Antiserum adsorption.Antiserum was adsorbed with heat-killed cells of E. coli strain DH5α, a strain of ETEC (O125), and non-STEC strains PC12 (O114), PC26 (O159), PC35 (serotype ND), and PC63 (O159) sequentially. The adsorption was repeated three times with heat-killed cells for each strain. Heat-killed bacterial cells were added to the antiserum at a ratio of 0.1 ml packed cells per ml serum, and the mixture was gently stirred at 25°C for 2 h. After centrifugation, the serum was separated. Adsorbed antiserum was stored at −20°C for later use. The cross-reactivity of the sera was tested with the cells of E. coli strains PC12, PC26, PC35, and PC63, ETEC, and a strain of STEC (EDL933).
Reactivity of VT3 antiserum with intimin.Plasmid pIntg934 encoding intimin type γ (E. coli O157:H7 intimin type) was kindly provided by J. Sinclair. This plasmid was transformed by electroporation into E. coli strain BL21(DE3), and cells with the plasmid were selected for ampicillin resistance. These cells produced a full-length intimin molecule of 934 amino acids of type γ in the outer membrane of the transformed bacteria (27). The reactivity of transformed and untransformed whole cells with VT3 antiserum was checked by slide agglutination.

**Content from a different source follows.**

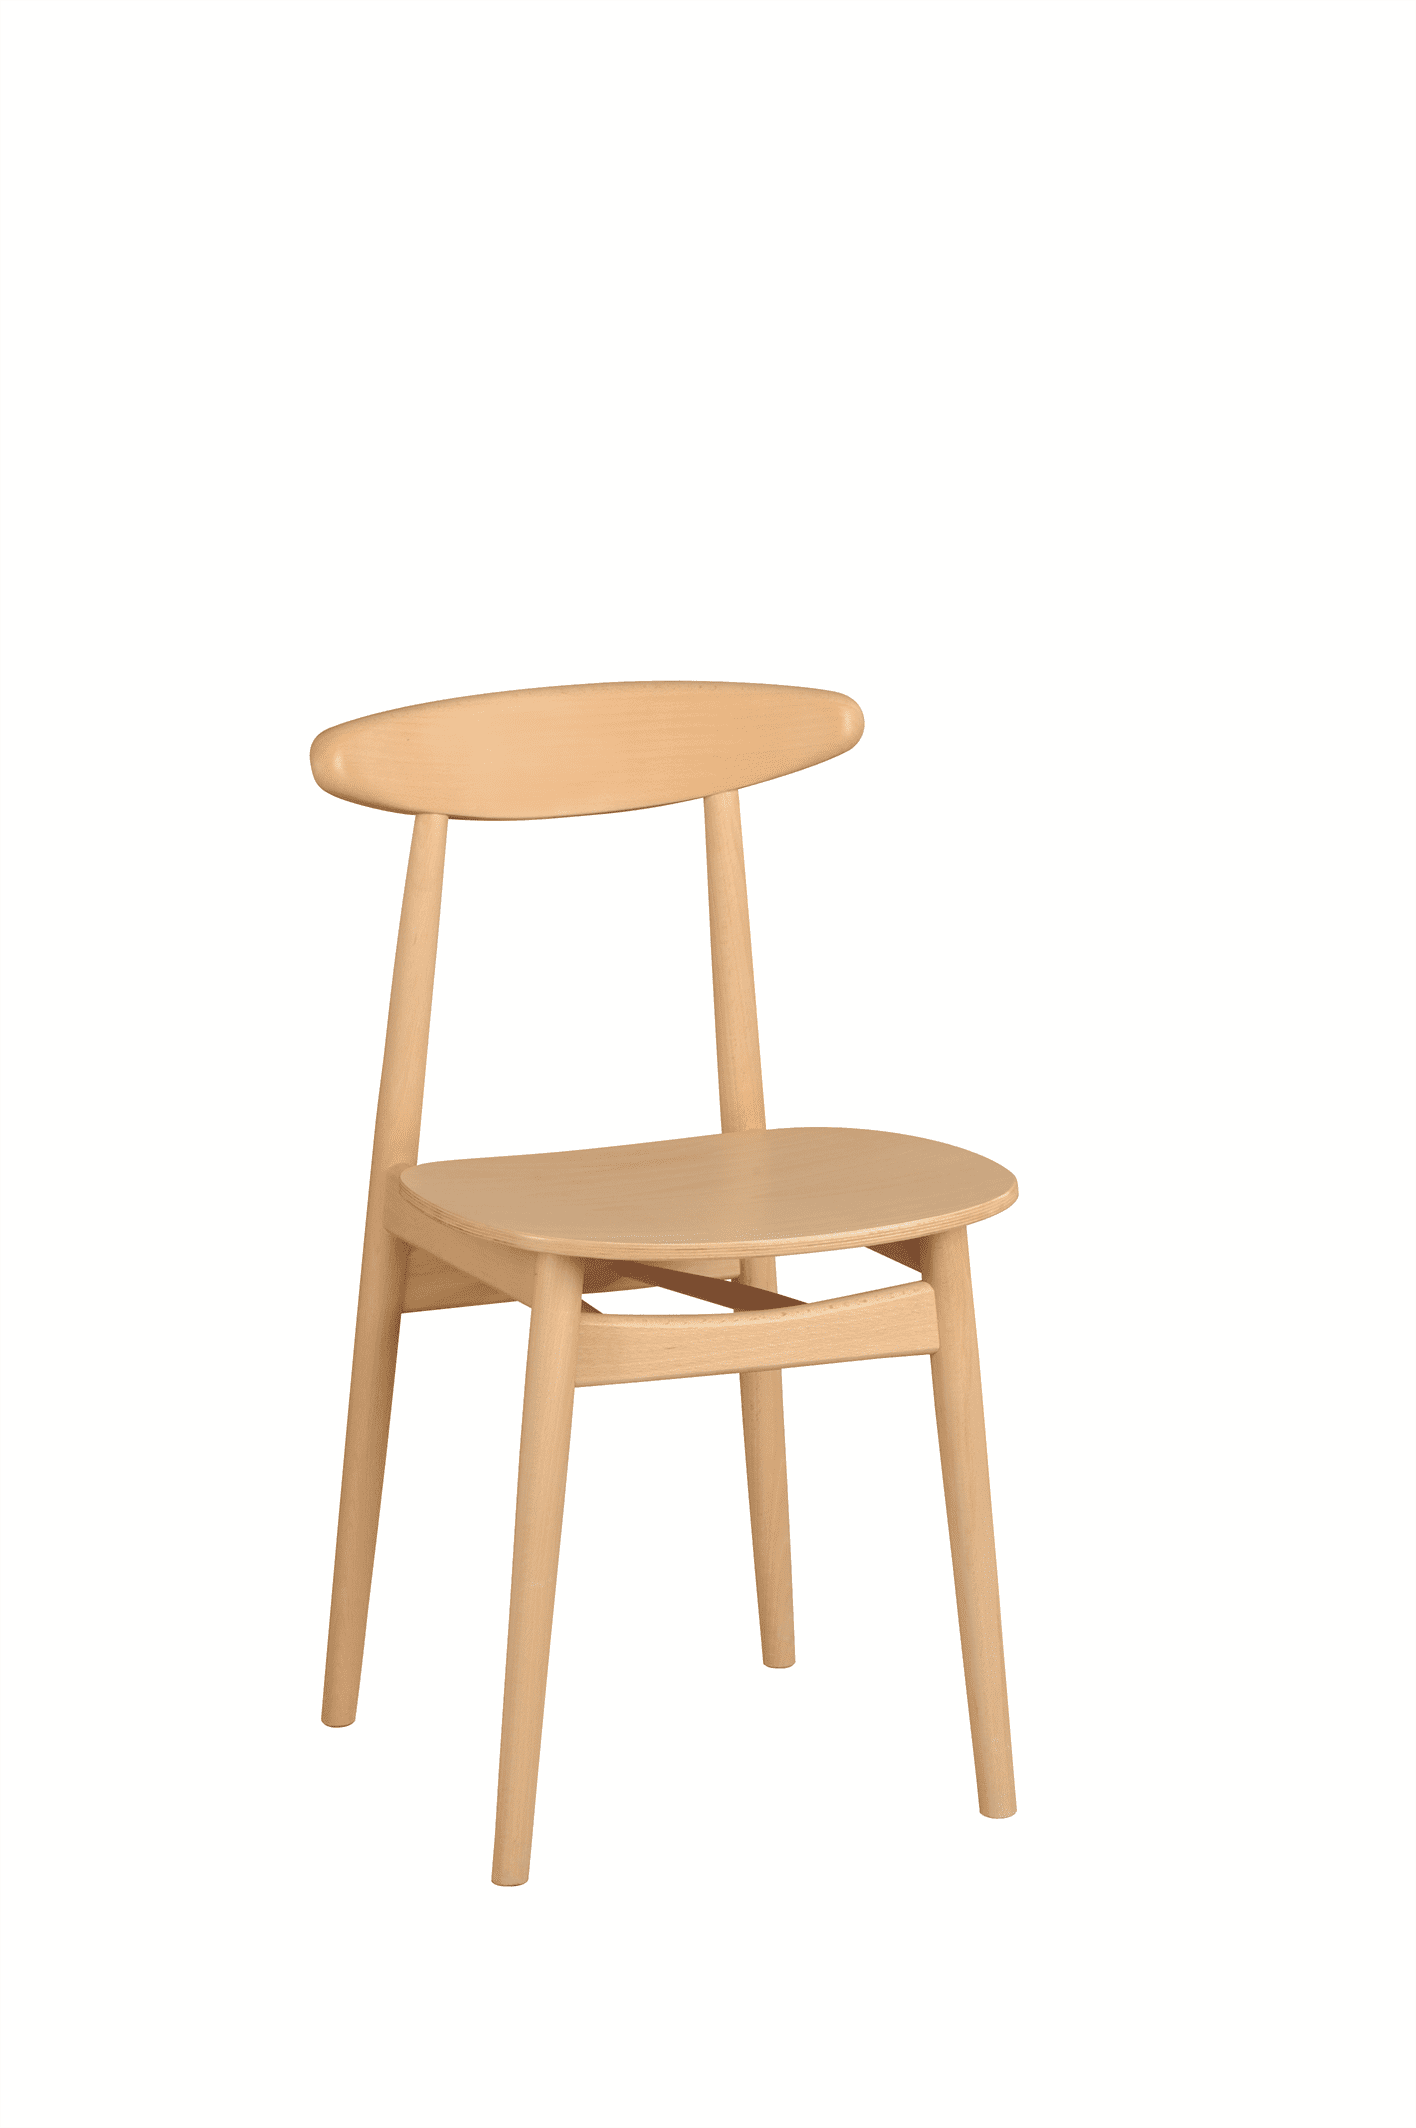 Kitty side chair veneer seat raw

Immunoblotting.Whole-cell bacterial lysates were prepared as follows (25). Bacteria were grown to log phase in tryptic soy broth, harvested by centrifugation, and washed three times in PBS. Cells were resuspended in 1/10 volume of PBS containing phenylmethane sulfonyl fluoride and then adjusted spectrophotometrically to a concentration of 5 × 109 cells/ml. Sodium dodecyl sulfate (SDS) sample buffer (60 mM Tris-HCl buffer, pH 6.8, 2% [wt/vol] SDS, 5% [vol/vol] 2-mercaptoethanol, 10% [vol/vol] glycerol, and 0.001% [wt/vol] bromophenol blue) was added (1:1) immediately and vortexed, and the solution was heated for 5 min at 100°C. Thirty microliters of that mixture was loaded into each well of the SDS-polyacrylamide gels. Electrophoresis was done on 12% SDS-polyacrylamide gel electrophoresis (PAGE) gels in a Mini-PROTEAN II dual slab cell (Bio-Rad Laboratories, Richmond, CA). Gels were stained with Coomassie brilliant blue to ensure even loading. Proteins separated by SDS-PAGE were blotted onto nitrocellulose membranes (0.45-μm pore size; Bio-Rad) by use of a Mini Trans-Blot electrophoretic transfer cell (Bio-Rad) in 15.6 mM Tris, 129 mM glycine, 20% methanol (pH 8.3) for 5 h at 60 V (31). After the nitrocellulose membranes were washed in 10 mM Tris-buffered saline (TBS) (pH 7.6), they were incubated in 3% bovine serum albumin (BSA) in TBS for 90 min at 37°C and then washed with 10 mM TBS containing 0.05% Tween 20 (TBS-T) to block extra binding sites. The membranes were then incubated for 1 h with a primary antibody (VT3 antiserum) diluted (1:2,000) in antibody buffer (1% BSA in TBS-T) at room temperature. After they were washed with TBS-T, primary antibody-exposed membranes were incubated with goat anti-rabbit immunoglobulin G horseradish peroxidase conjugate (Bangalore Genei, India) in antibody buffer for 1 h at room temperature. After a second thorough washing with TBS-T, the membranes were incubated with substrate (tetramethyl benzidine and 0.02% H2O2 in distilled water) until the color development was sufficient. The developed sheets were washed in distilled water and air dried and then scanned with a Hewlett-Packard ScanJet 2400 scanner. The image of the blot was arranged for the figure and labeled with Adobe Photoshop version 7.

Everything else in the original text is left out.